In his first term, Clinton had hired this millionaire trade lawyer and lobbyist to be deputy national security adviser, not because of Berger's foreign policy experience, which was negligible, but because of his political instincts, which were keen and reliable. Clinton entrusted Berger with some very sensitive assignments, particularly in relationship to China, and rewarded him for his trust with the job of national security adviser in his second term. This job does not require Senate confirmation. It is unlikely that Berger could have gotten any job that did.
As we now know, Berger made four trips to the National Archives. He did so presumably to refresh his memory before testifying first to the Graham-Goss Commission and then to the 9/11 Commission.
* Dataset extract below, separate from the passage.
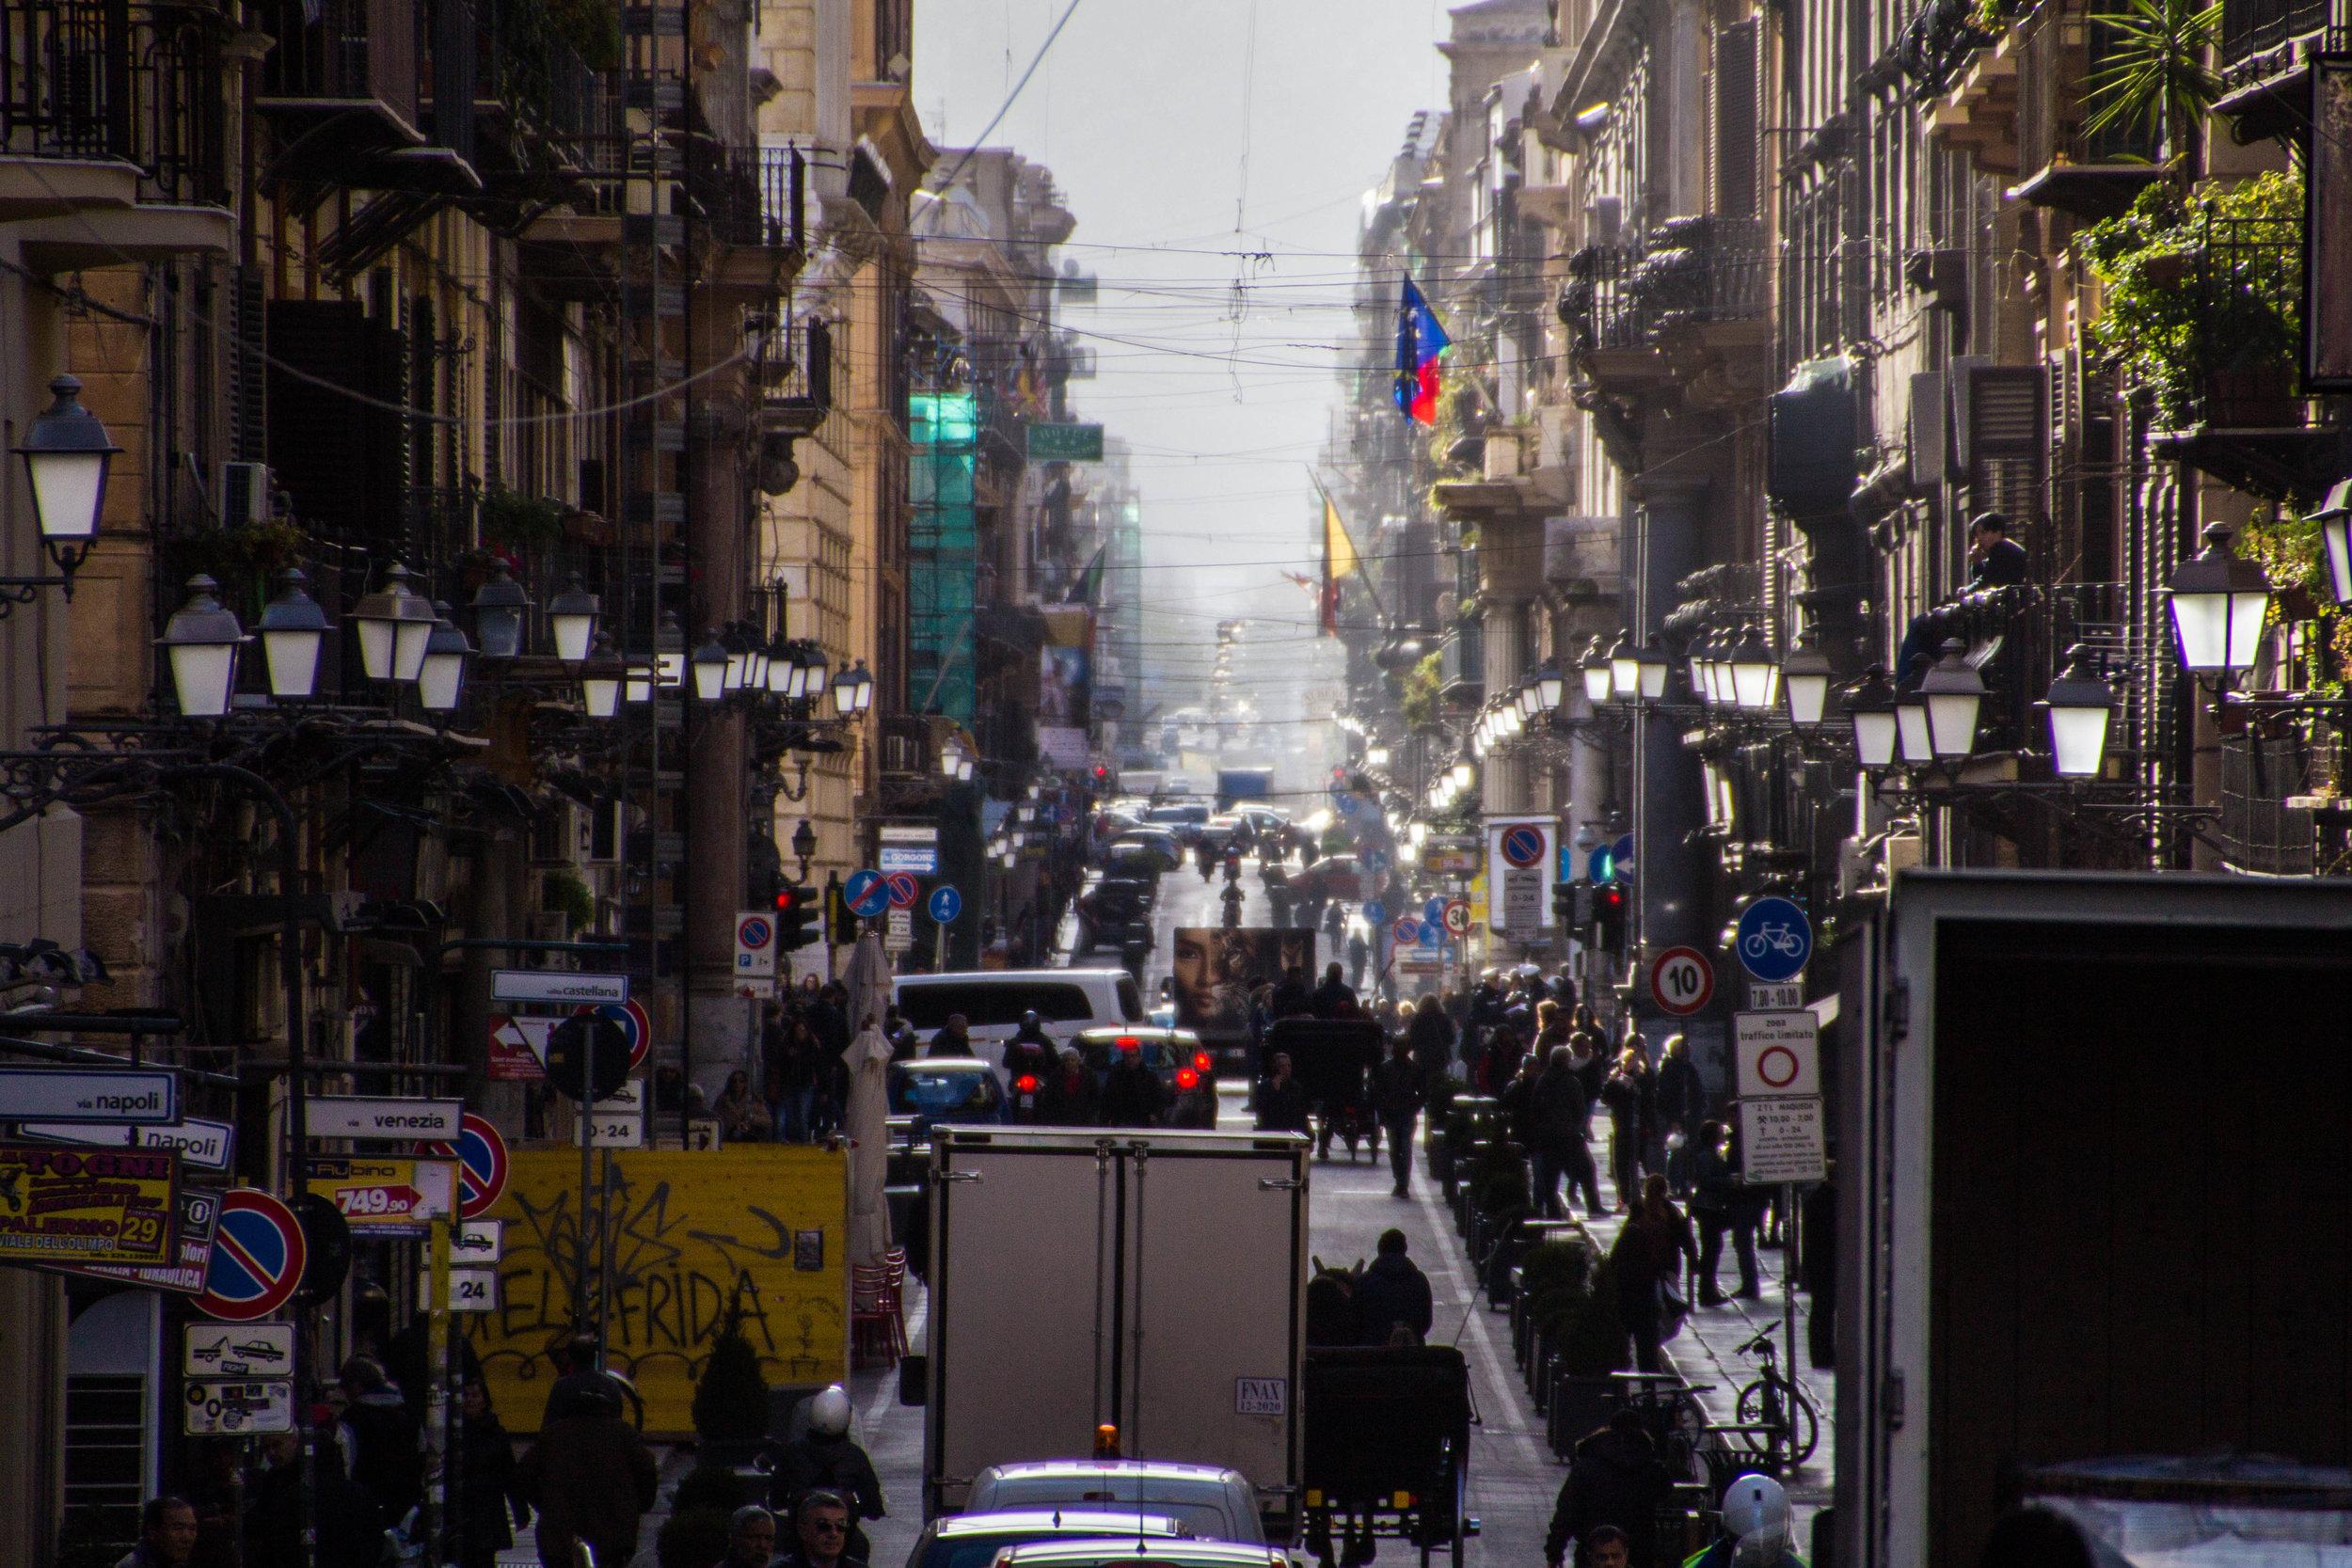 street-photography-palermo-sicily-54.jpg
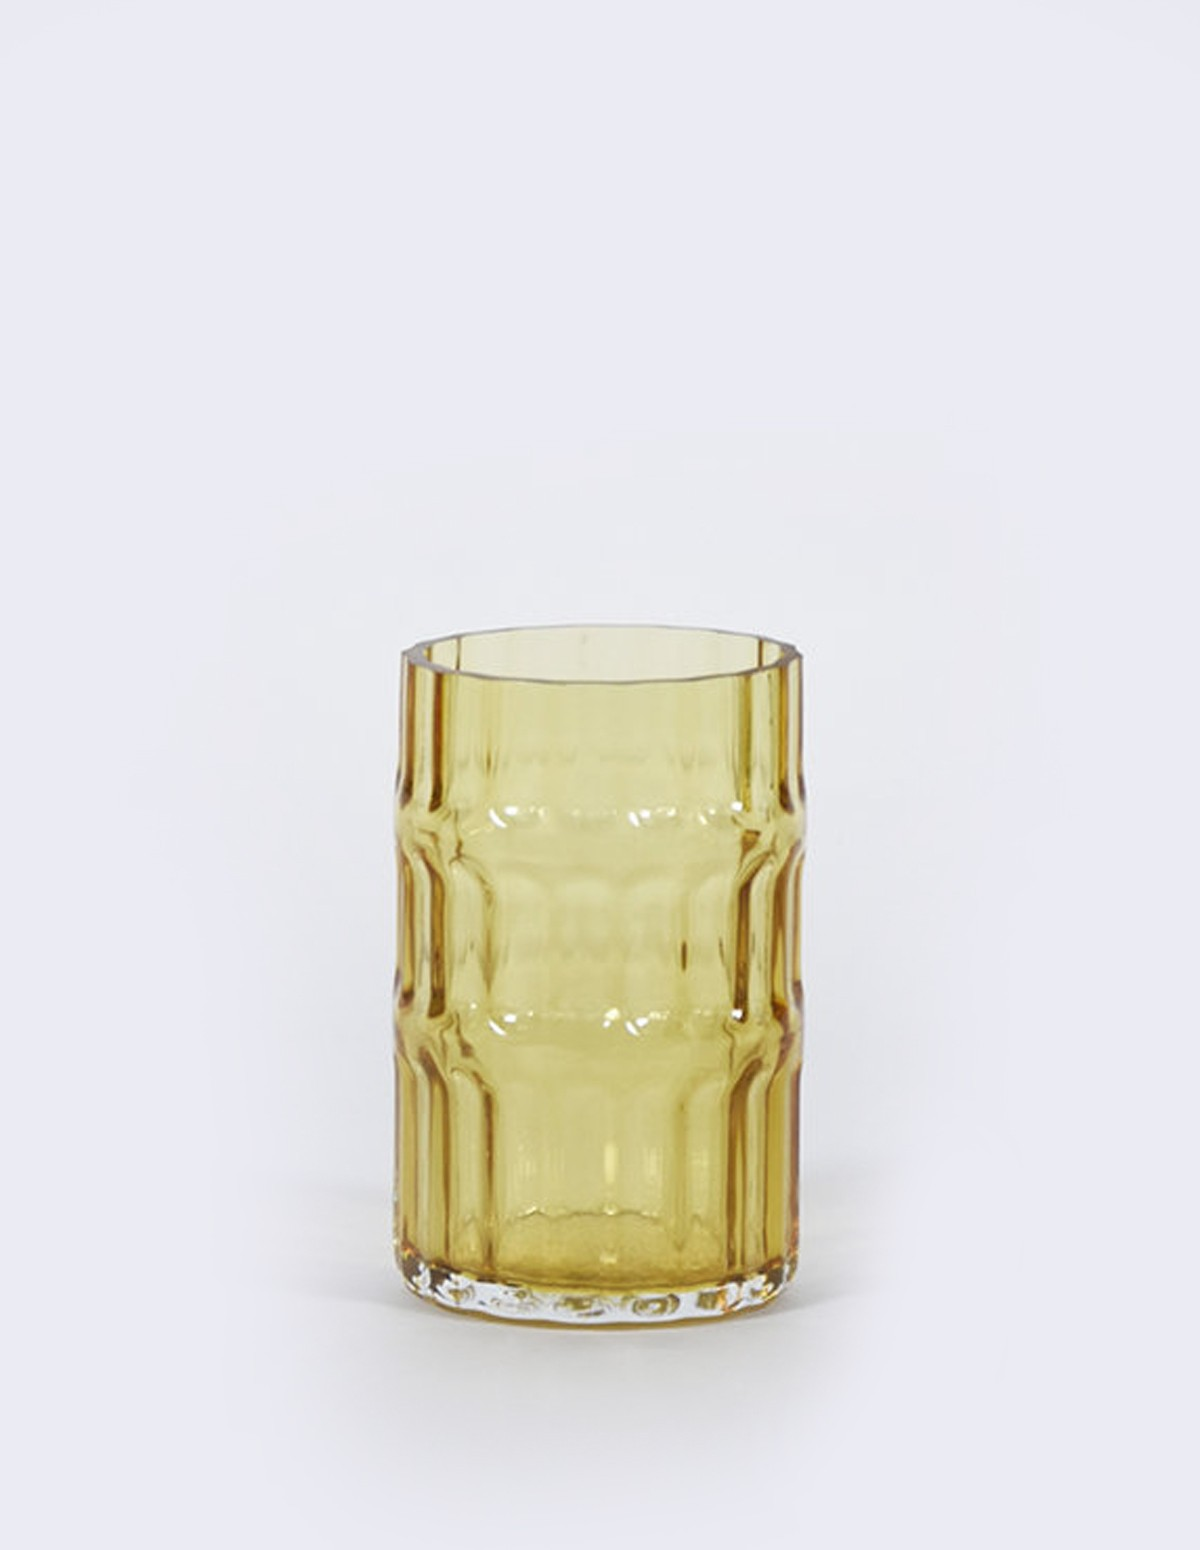 Eno Studio Ondin Small Vase - AMBRE

Berger made his first visit in May 2002, his last in October 2003.
As we now know too, he stole and destroyed an incalculable number of documents during these four visits. "The full extent of Berger's document removal," reports the House committee, "is not known and never can be known."
As the report clarifies, "Archives staff would have no way to know" if any part of a given National Security Council document was removed. Further, had Berger removed papers from a Staff Member Office File these more loosely enumerated than the NSC documents "It would be almost impossible for the Archives staff to know."
Among his more flagrant acts of criminal mischief, Berger purloined some highly classified documents and stashed them "at a construction site where they could have been found by anyone." This behavior does not exactly classify as "inadvertent," the media's original characterization of Berger's motivation.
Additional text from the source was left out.